Troika happy with Portugal's efforts

Brussels, 03/03/2014 (Agence Europe) - Portugal's economy is picking up and should achieve the target of reducing the public deficit to 4% of GDP this year. The positive assessment was issued on Friday 28 February by the country's lenders (the troika - the European Commission, the European Central Bank and the International Monetary Fund) after their eleventh monitoring mission. The troika has given the go-ahead for the disbursement of the next batch of aid to Portugal, €2.5 billion, as part of the €78 billion bailout negotiated in 2011. The positive assessment comes as the country approaches the end of its aid programme at the end of May and fully returns to the money markets.

In the report, the troika says that Portugal's “economic recovery is strengthening. Led by investment and exports, economic growth is somewhat ahead of projections, employment is increasing, and the unemployment rate is continuing to decline from very high levels. GDP is now expected to rise by 1.2 percent in 2014 - an upward revision of 0.4 percentage points - while unemployment is projected to decline to 15.7 percent - a downward revision of 1.1 percentage points.

The troika explains that the fiscal targets have not changed: “The 2013 budget deficit is estimated at 4.5 percent of GDP (excluding the recapitalisation of Banif), well below earlier projections. This outcome reflects better revenue performance, including collections from the one-off tax and social security debt recovery scheme, and prudent expenditure control.
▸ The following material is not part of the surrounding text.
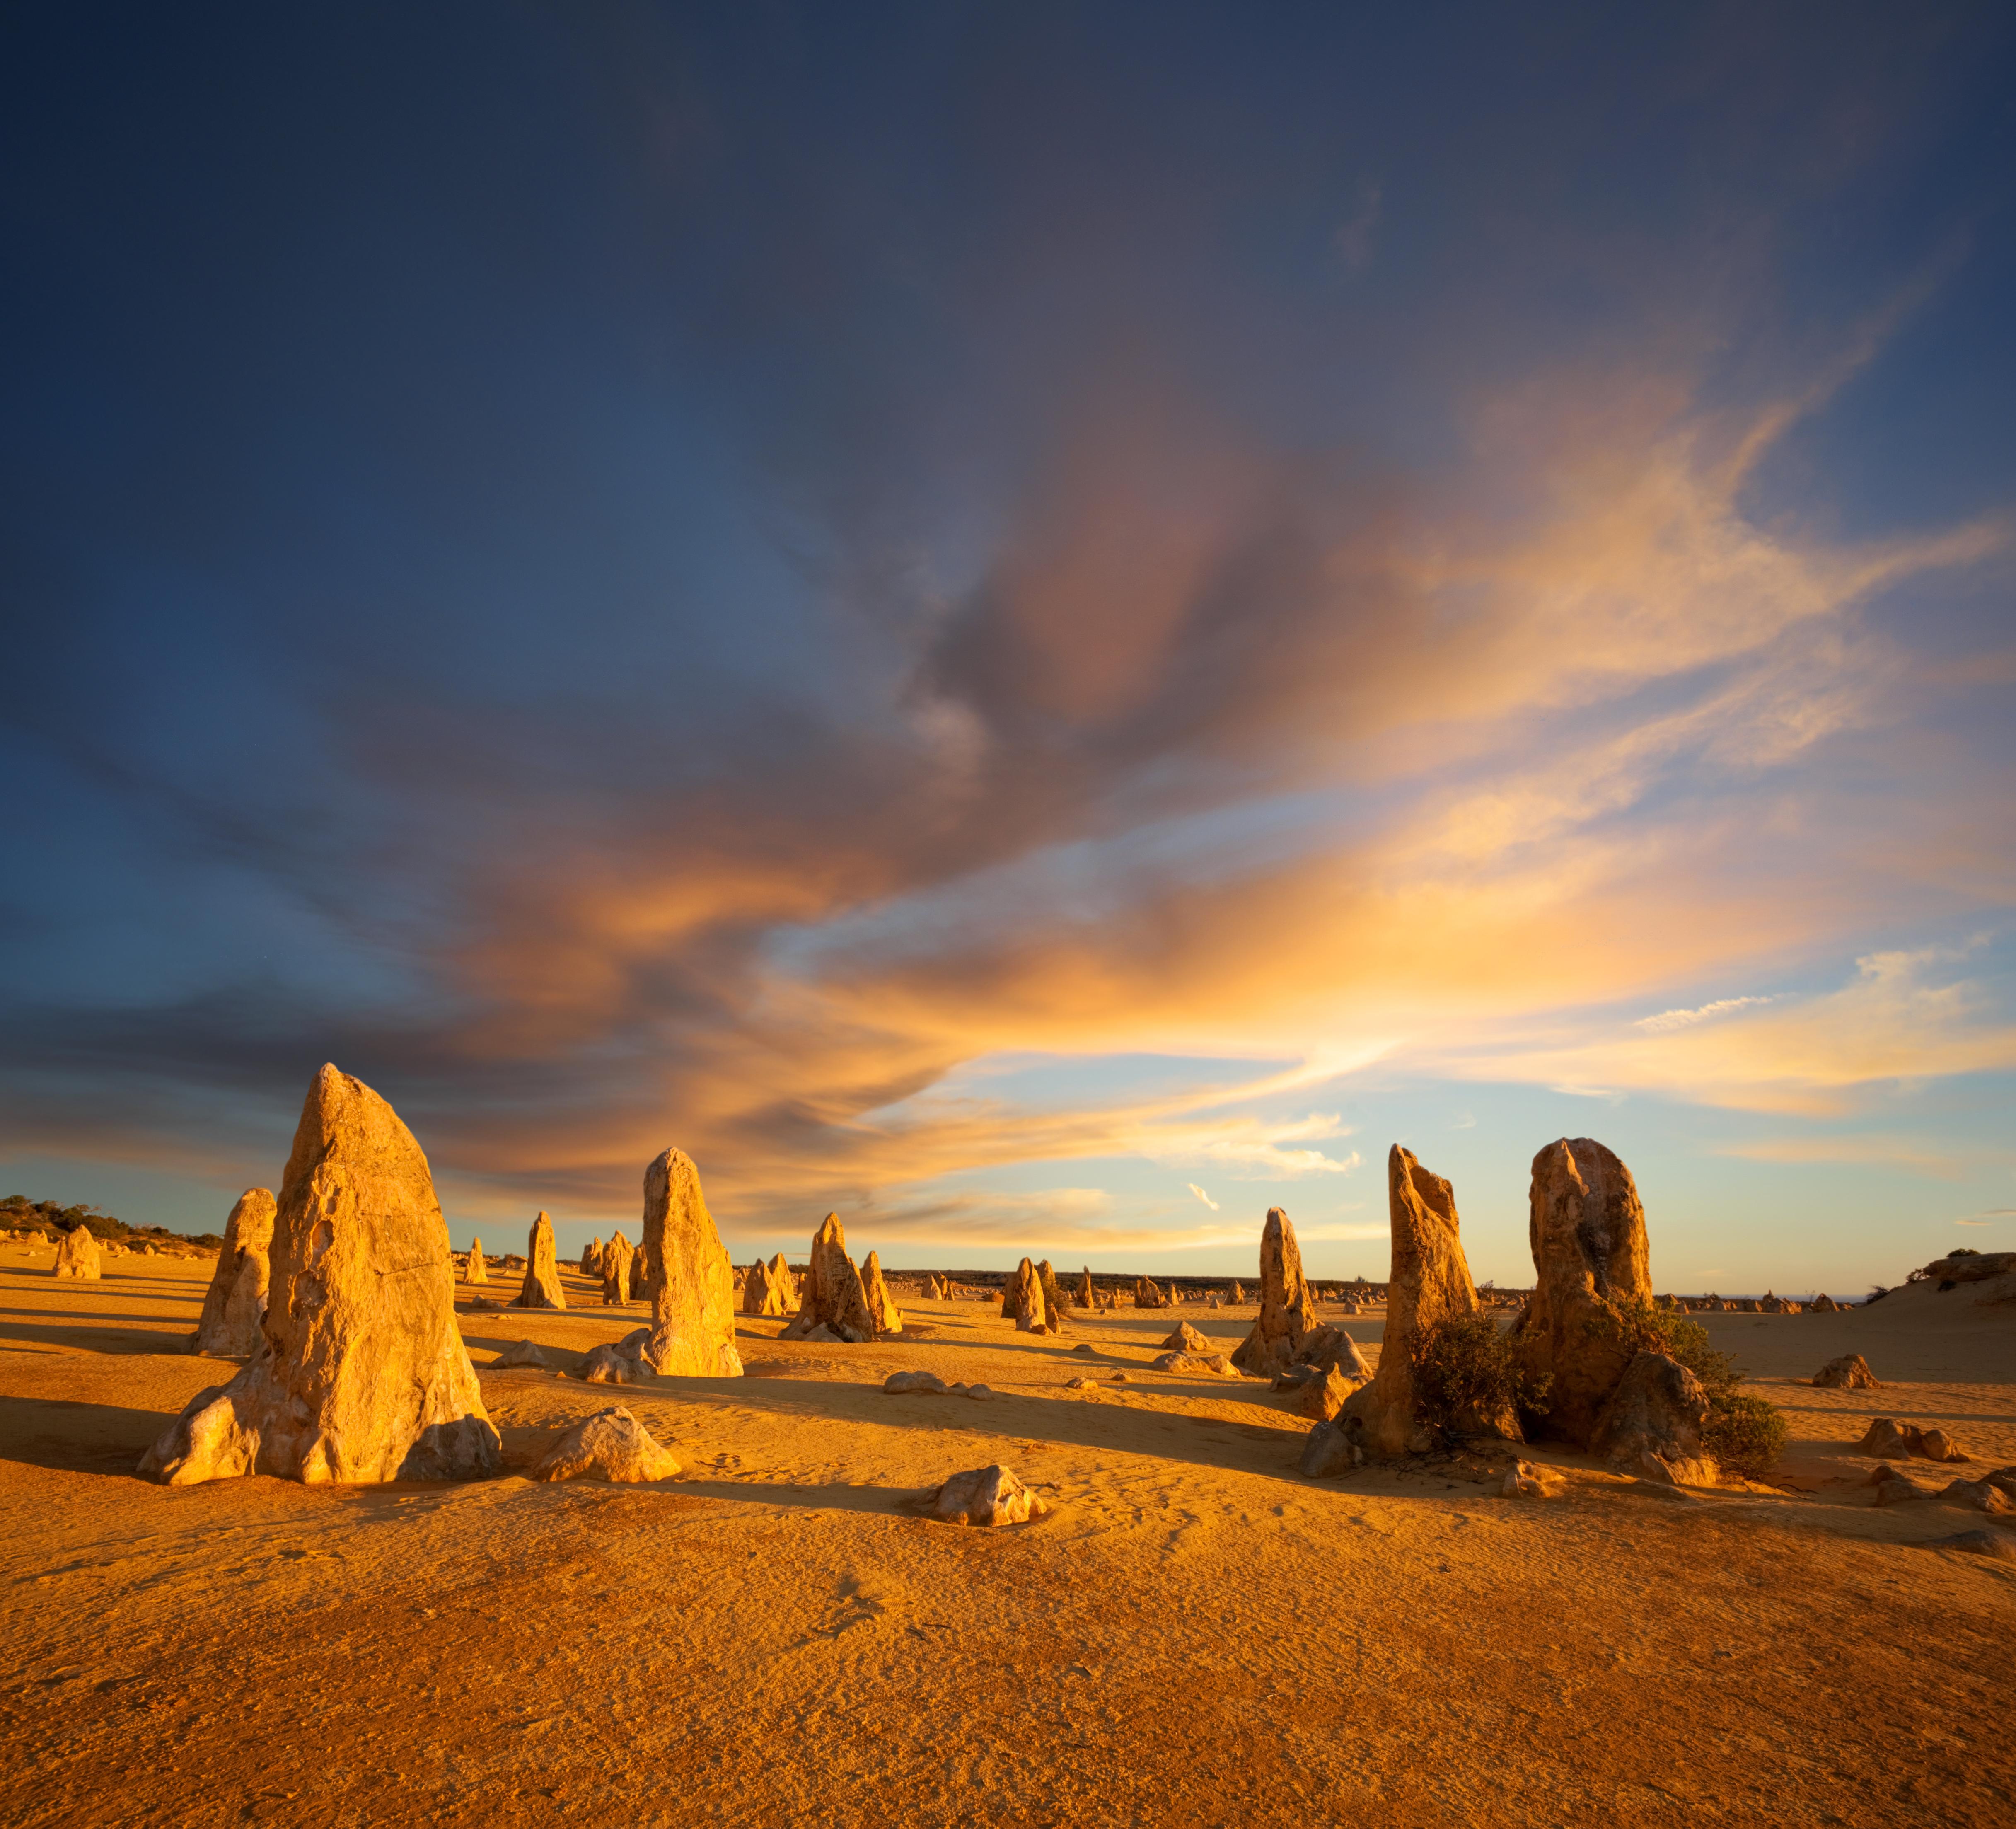 An image of Pinnacles in Western Australia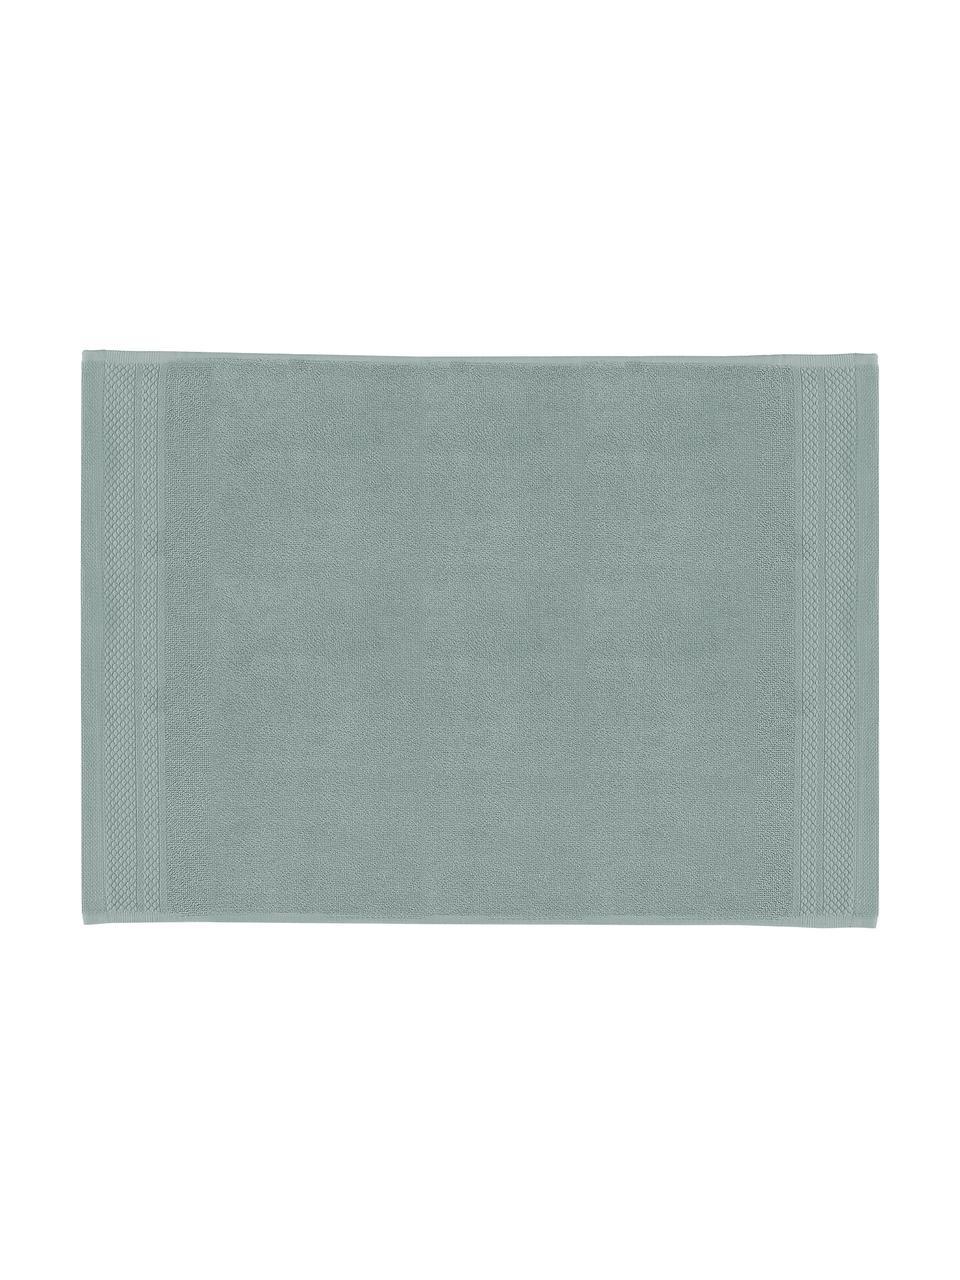 Dywanik łazienkowy Premium, 100% bawełna, wysoka jakość 600 g/m², Szałwiowy zielony, S 50 x D 70 cm

The troika says: “Public debt remains high (129% of GDP at the end of 2013, Ed.) but is sustainable provided the reform momentum is maintained beyond the programme horizon. Reaching a broad political understanding that fiscal discipline and structural reform efforts have to continue to underpin Portugal's future policies would certainly constitute an important anchor for restoring full and sustainable market financing. Provided the authorities persevere with steadfast programme implementation, euro area member states have declared they stand ready to support Portugal until full market access is regained.'

The troika arrived in Portugal on 20 February to examine the austerity measures set out in the 2014 budget, including new cuts in pensions and increases in sickness benefit contributions for civil servants. The left-wing opposition warned on Friday that if the Portuguese president, Anibal Cavaco Silva, decided to endorse the amending budget that contains these controversial measures, then they will appeal to the country's constitutional court. (SP)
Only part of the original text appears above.